- ASSIGNMENT: Among the entries below, take the line with "caterpillar & era acquisition" and the line with "Minacce a Saviano, lo", and output them and every line between them exactly, with nothing else.

- EXTRACTED DATA:
:::

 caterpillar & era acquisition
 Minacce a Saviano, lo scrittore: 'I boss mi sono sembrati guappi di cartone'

:::

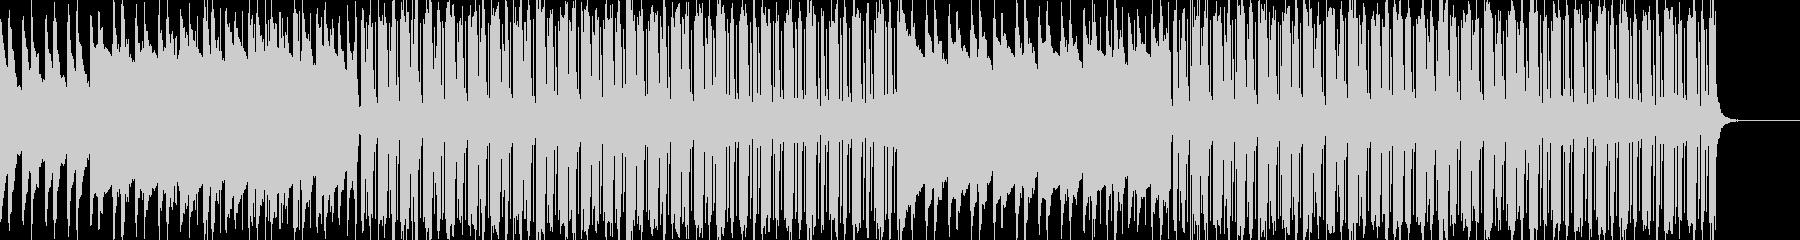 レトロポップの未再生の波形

:::

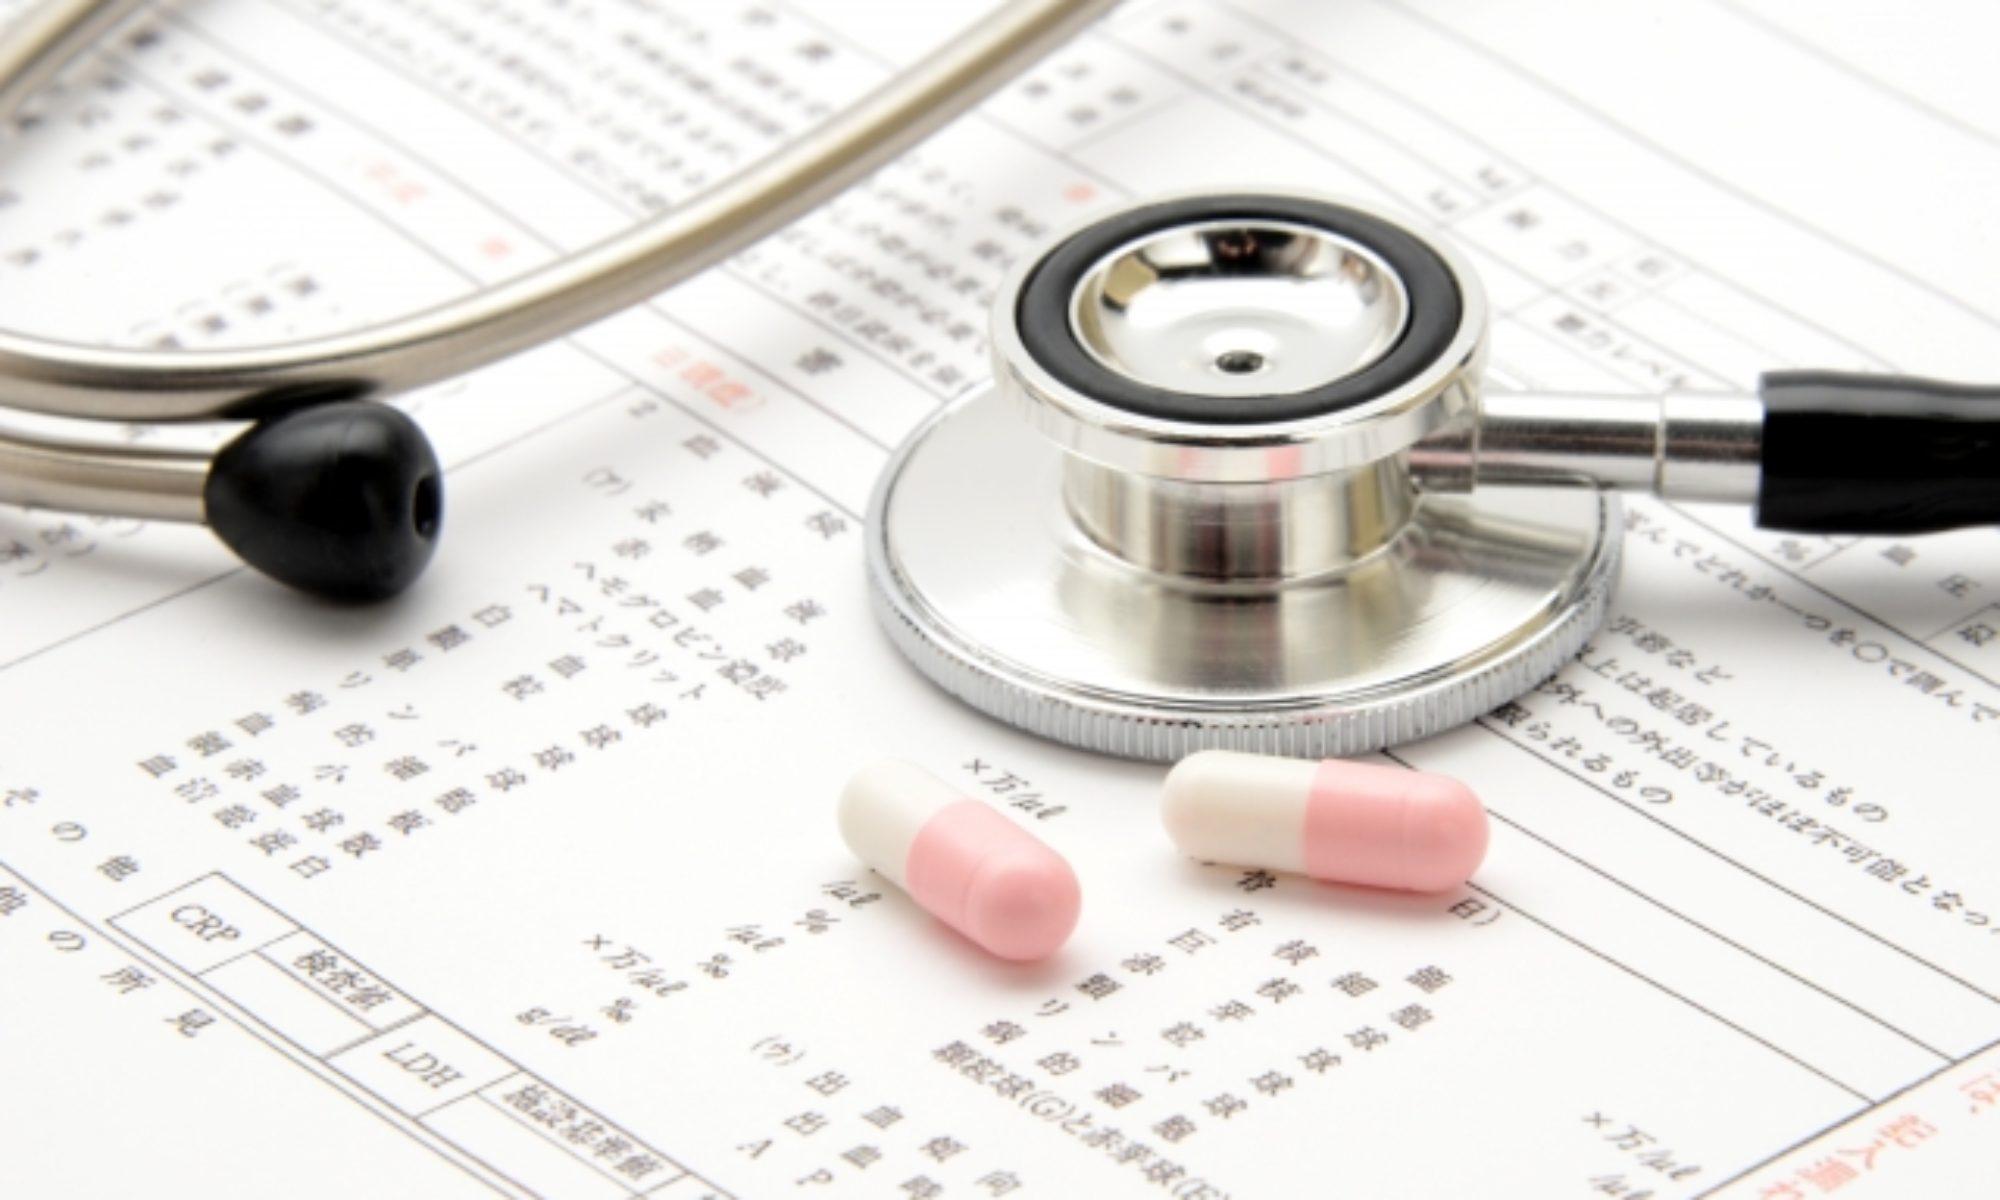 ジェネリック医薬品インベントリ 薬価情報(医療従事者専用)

:::

- REPLY TO THE EXERCISE:
 caterpillar & era acquisition
 Minacce a Saviano, lo scrittore: 'I boss mi sono sembrati guappi di cartone'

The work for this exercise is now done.